Une chose est a priori certaine : Bruno Le Maire ne rejoindra pas le prochain gouvernement du nouveau premier ministre François Bayrou. L’ex-ministre des Finances, pointé du doigt pour sa responsabilité dans le déficit budgétaire français, poursuit sa carrière professionnelle dans le secteur privé.
Enseignant depuis quelques mois à l’École polytechnique fédérale de Lausanne, Bruno Le Maire prendra dès le 1er janvier 2025 des fonctions supplémentaires en tant que consultant pour l’industrie des semiconducteurs.
Grimper à 20% de PDM des semiconducteurs
Le géant européen ASML, dirigé par Christophe Fouquet, a officialisé le recrutement de l’ex-politique de carrière en tant que conseiller du conseil d’administration. Fabricant de produits de lithographie pour les producteurs de composants, ASML emploie 42.000 salariés et réalise un chiffre d’affaires de près de 28 milliards de dollars.

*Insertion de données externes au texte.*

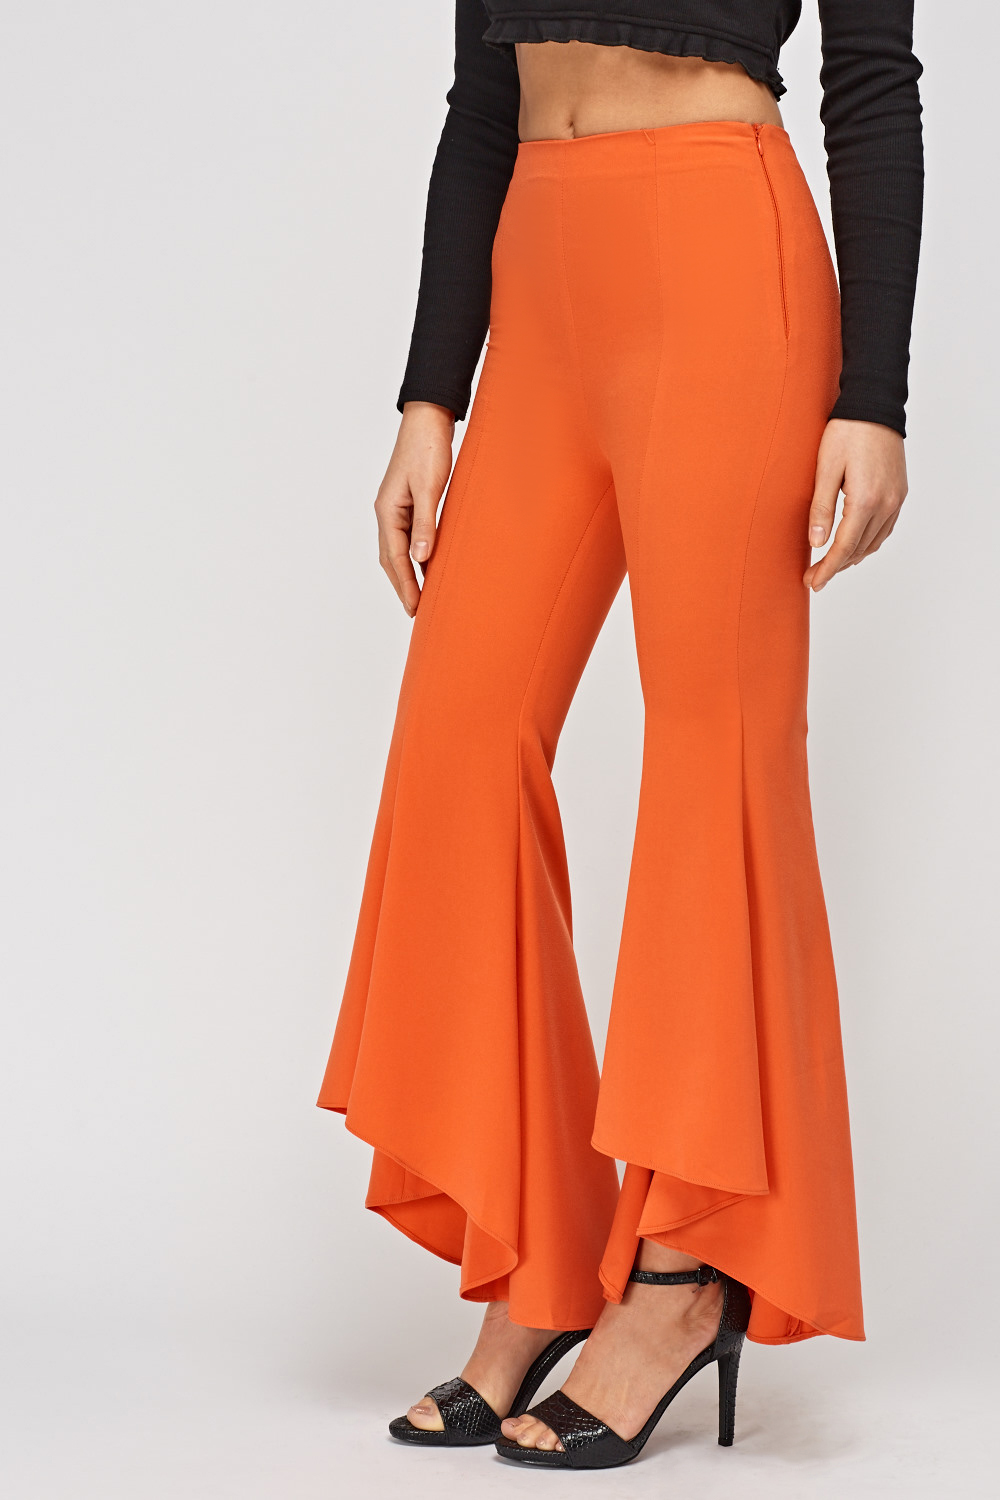 Orange Flare Hem Trousers - Just $7

L’entreprise technologique est surtout positionnée sur un marché devenu stratégique au niveau mondial et que les grandes puissances s’efforcent d’attirer sur leur territoire à coup de milliards de dollars de subventions.
L’Europe ne manque pas à l’appel. Le 25 juillet 2023, elle adoptait le règlement sur les semi-conducteurs dont les nouvelles règles visent à doubler la part de marché mondiale de l’Europe. L’ambition : passer de 10% à au moins 20% d’ici à 2030.
Feu vert de la Haute autorité pour la transparence de la vie publique
ASML, installé aux Pays-Bas, entend bien jouer un rôle central dans ce programme. En recrutant Bruno Le Maire en tant que consultant, l’industriel s’offre les services d’un influenceur et l’accès à son carnet d’adresses.
L’ancien ministre français a obtenu au préalable l’aval de la Haute autorité pour la transparence de la vie publique (HATVP). Cette dernière a toutefois mis une condition : l’interdiction de démarcher ses anciens camarades du gouvernement et membres de son cabinet.
De telles restrictions n’ont pas empêché Cédric O de jouer un rôle influent en France dans la politique sur l’IA et de négocier la participation de dirigeants de Mistral AI au comité chargé de conseiller le gouvernement d’Élisabeth Borne. Tradition française.
Un marché au cœur d’une bataille mondiale
Abstraction faite des fonctions de VRP influents confiées à d’anciens politiques, les semiconducteurs se sont imposés ces deux dernières années comme le terrain d’une nouvelle bataille économique – et géopolitique.
Les États-Unis consacrent des moyens considérables pour relocaliser la production de ces composants essentiels sur leur territoire. TSMC et Intel, par exemple, ont déjà perçu des milliards d’aides pour y implanter des usines. Et la France ? Moins offensive que l’Allemagne, elle demeure très dépendante de producteurs étrangers.
En 2022 et 2023, la France a cependant investi 4,7 milliards d’euros par le biais d’un plan de soutien à la filière des composants électroniques. Ces composants sont critiques pour l’automobile et l’industrie françaises, qui représentent 71% des achats hexagonaux de semi-conducteurs.